▶ [PROBLEM DETAILS]: Give the data again exactly, without images.

▶ [DATA EXCERPT]:
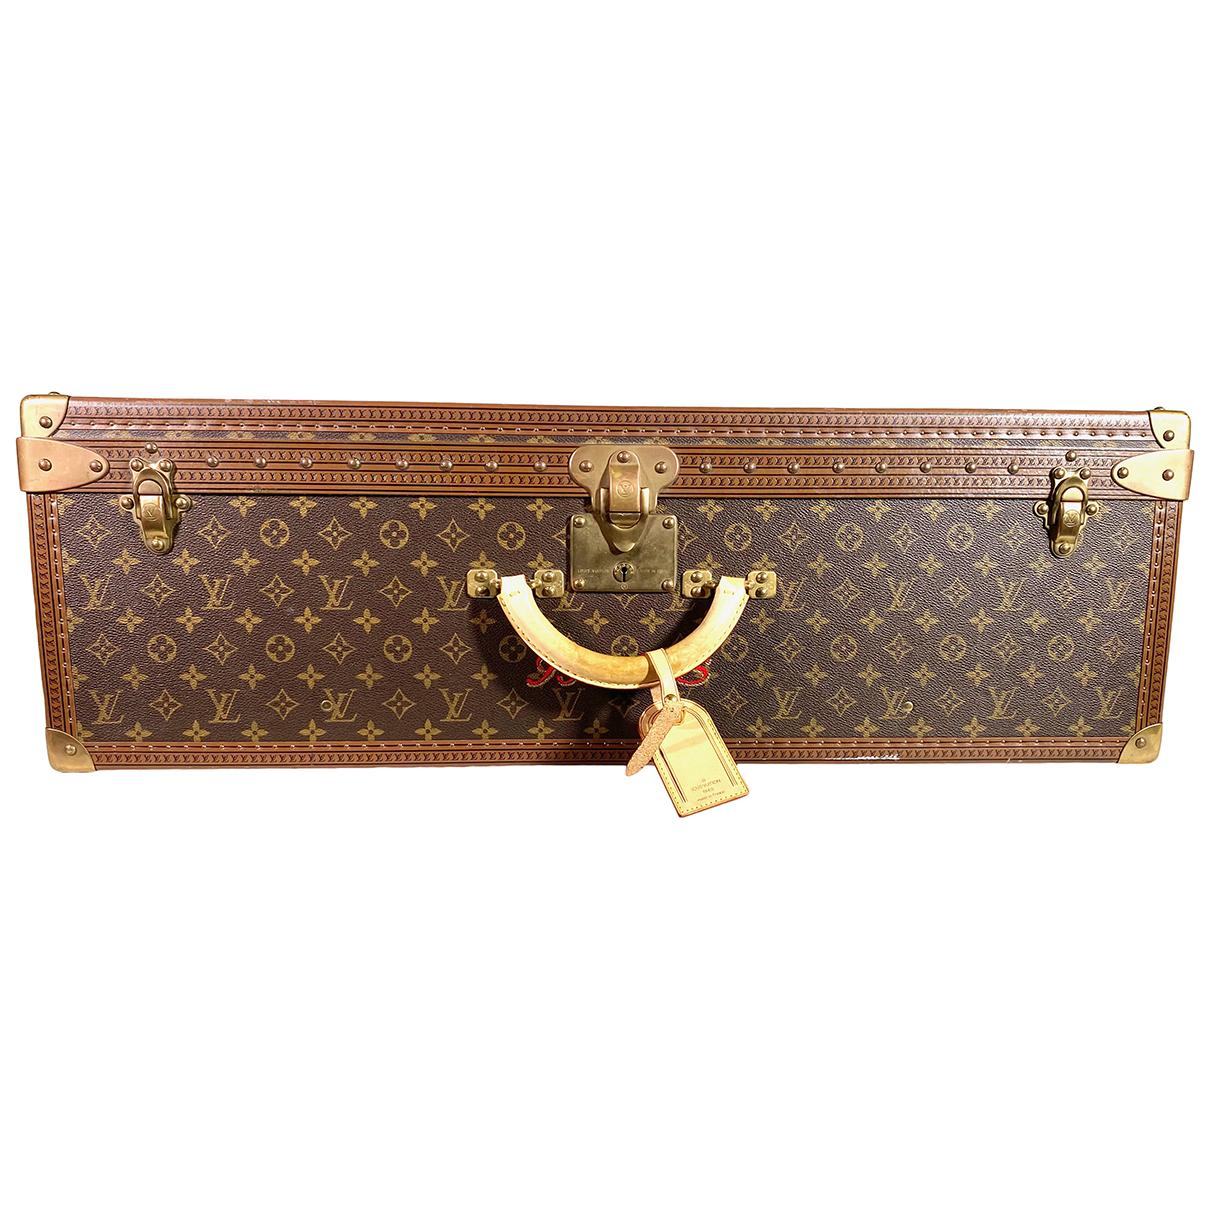 Bolso de viaje Alzer de Lona Louis Vuitton
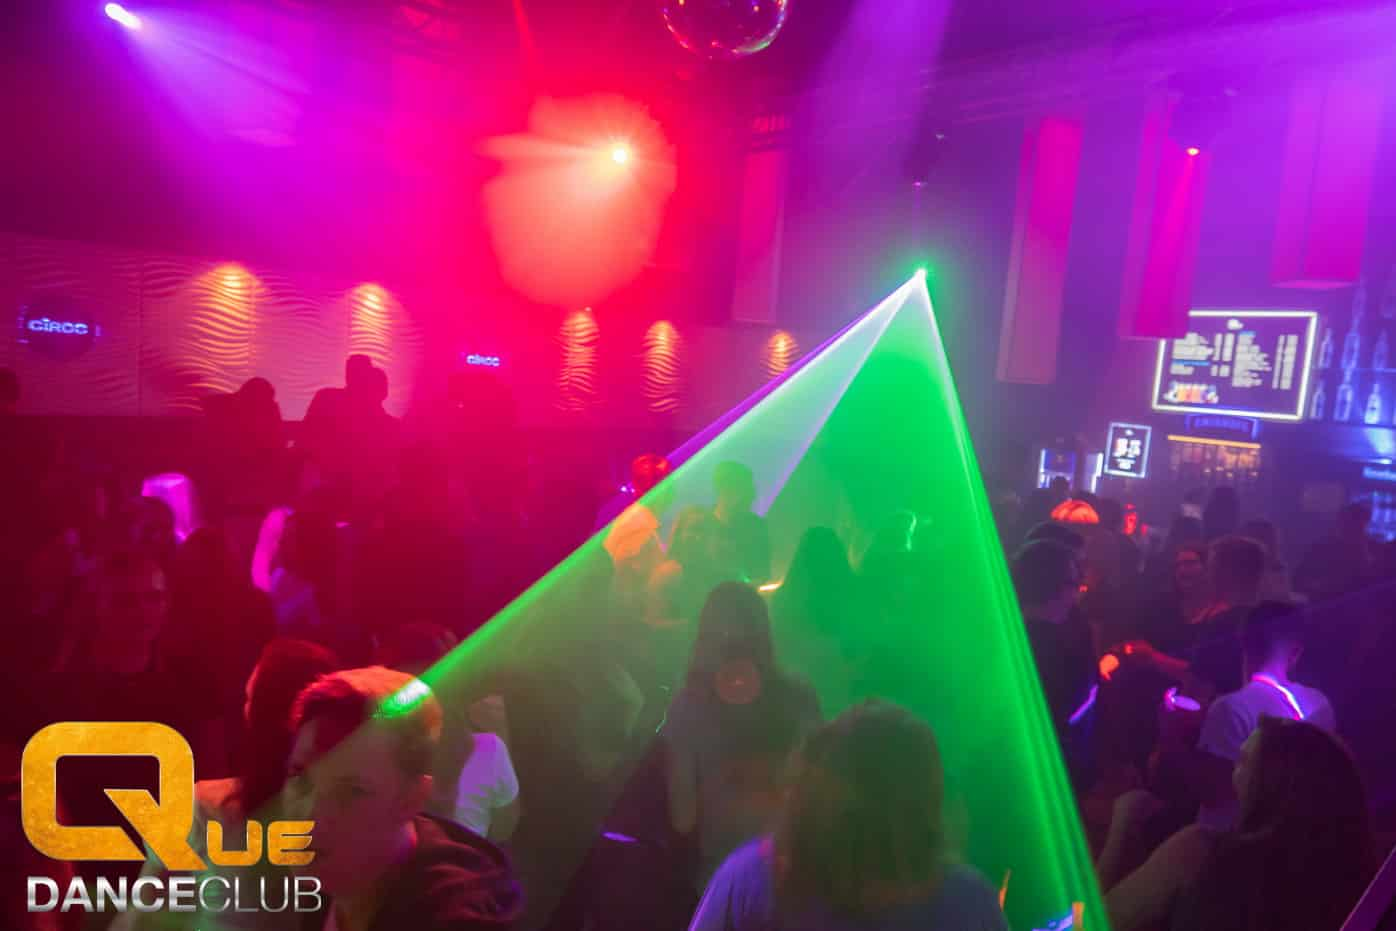 2018_11_23_Que_Danceclub_BLCK_FRDY_United_Nightlife_Scene_Timo_016
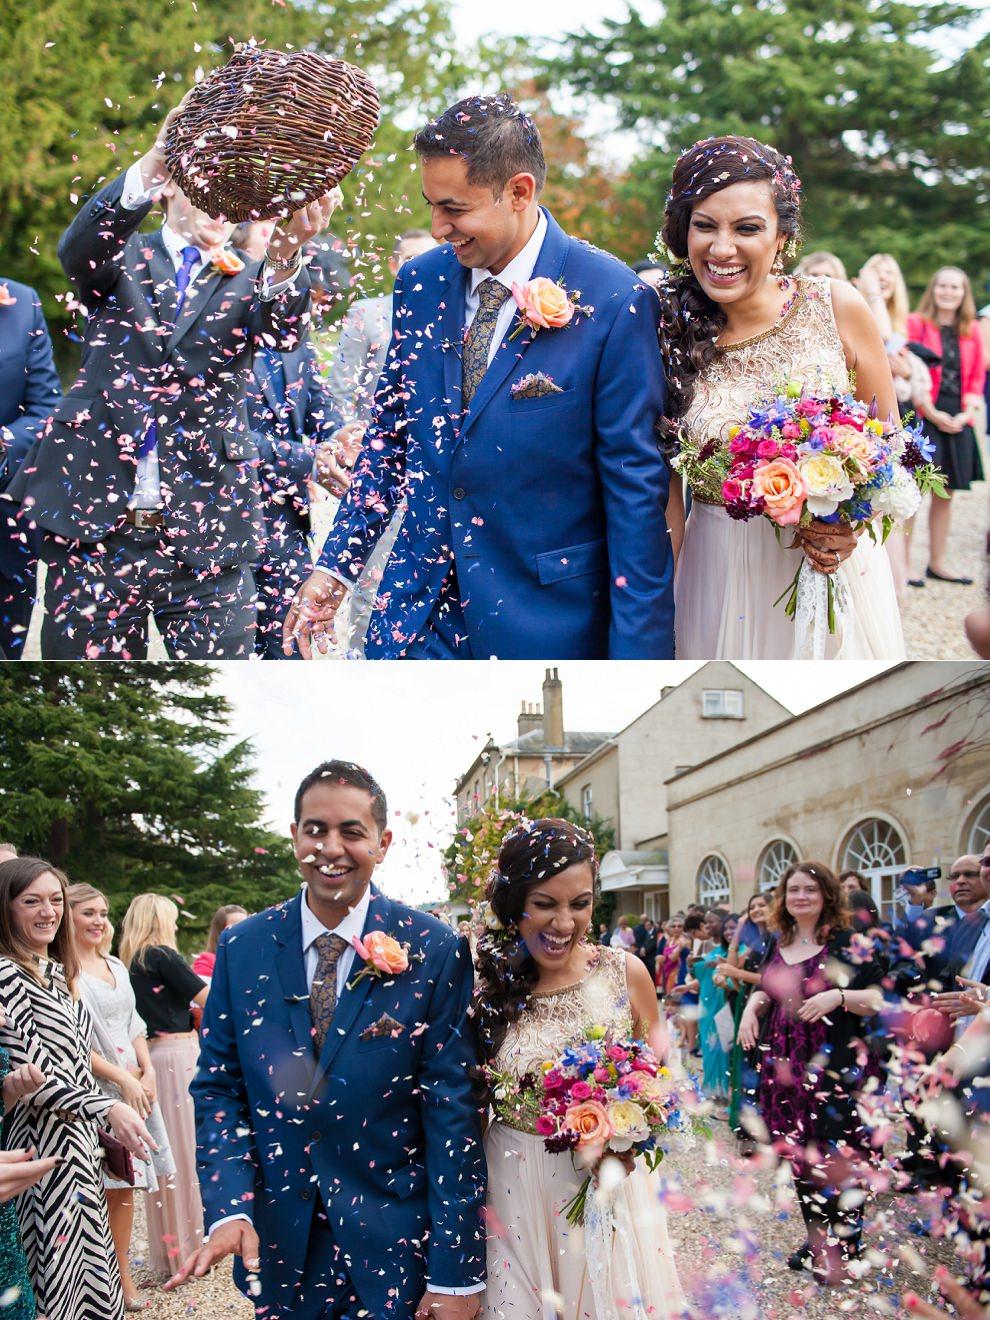 Best-wedding-photos-UK-2015-084
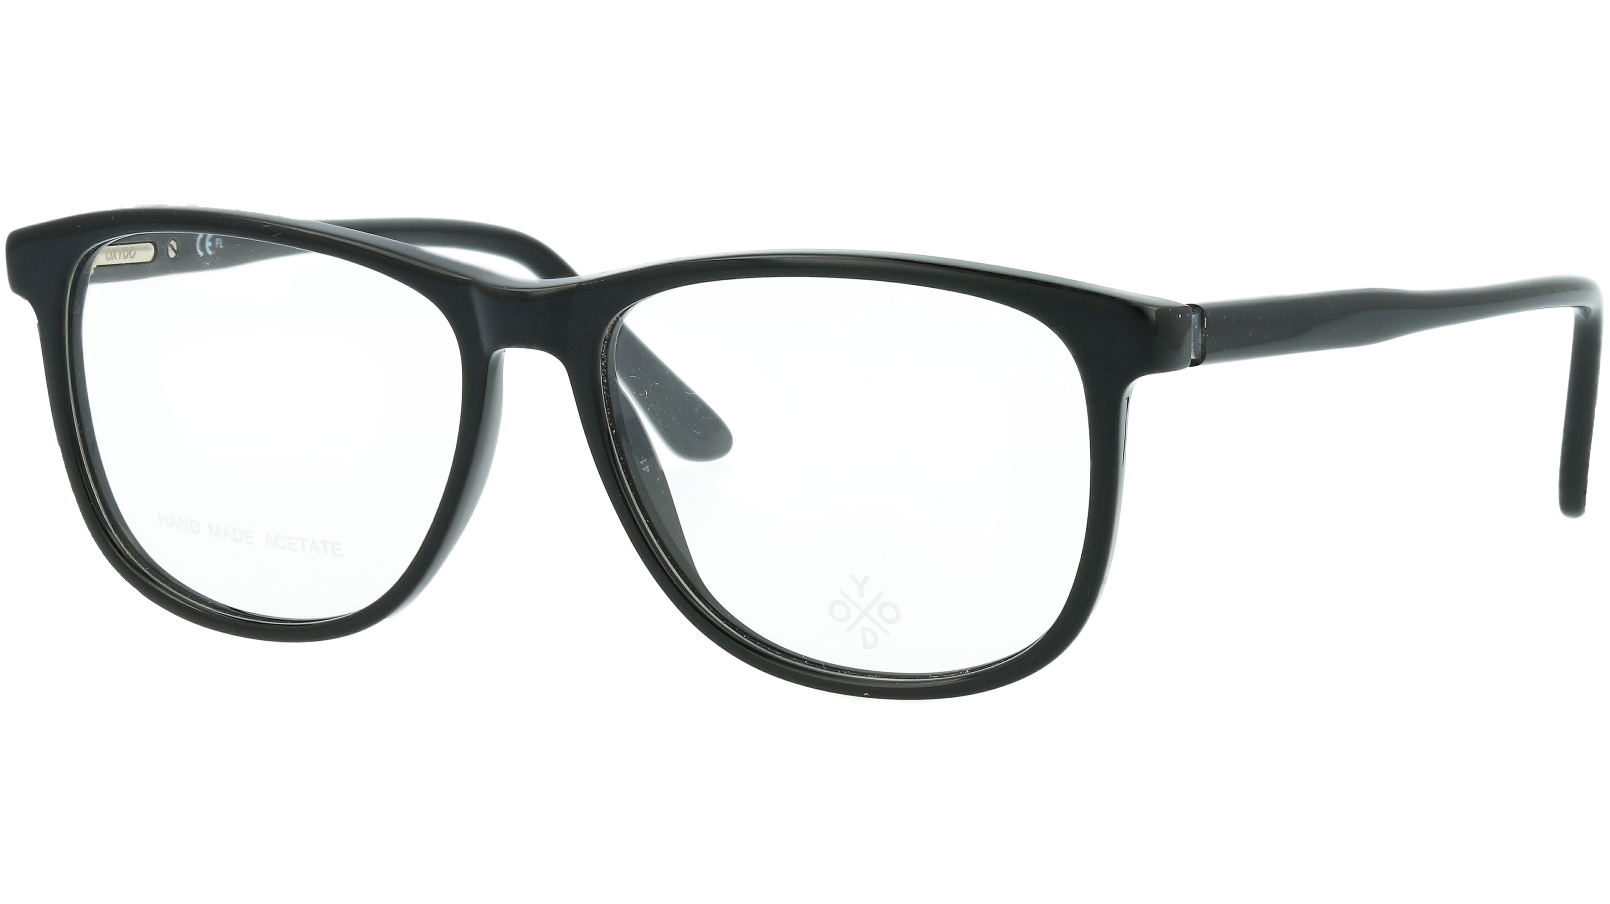 Oxydo OX539 807 53 Black Glasses

▶ [TASK SOLUTION]:
 Bolso de viaje Alzer de Lona Louis Vuitton
 2018_11_23_Que_Danceclub_BLCK_FRDY_United_Nightlife_Scene_Timo_016
 Best-wedding-photos-UK-2015-084
 Oxydo OX539 807 53 Black Glasses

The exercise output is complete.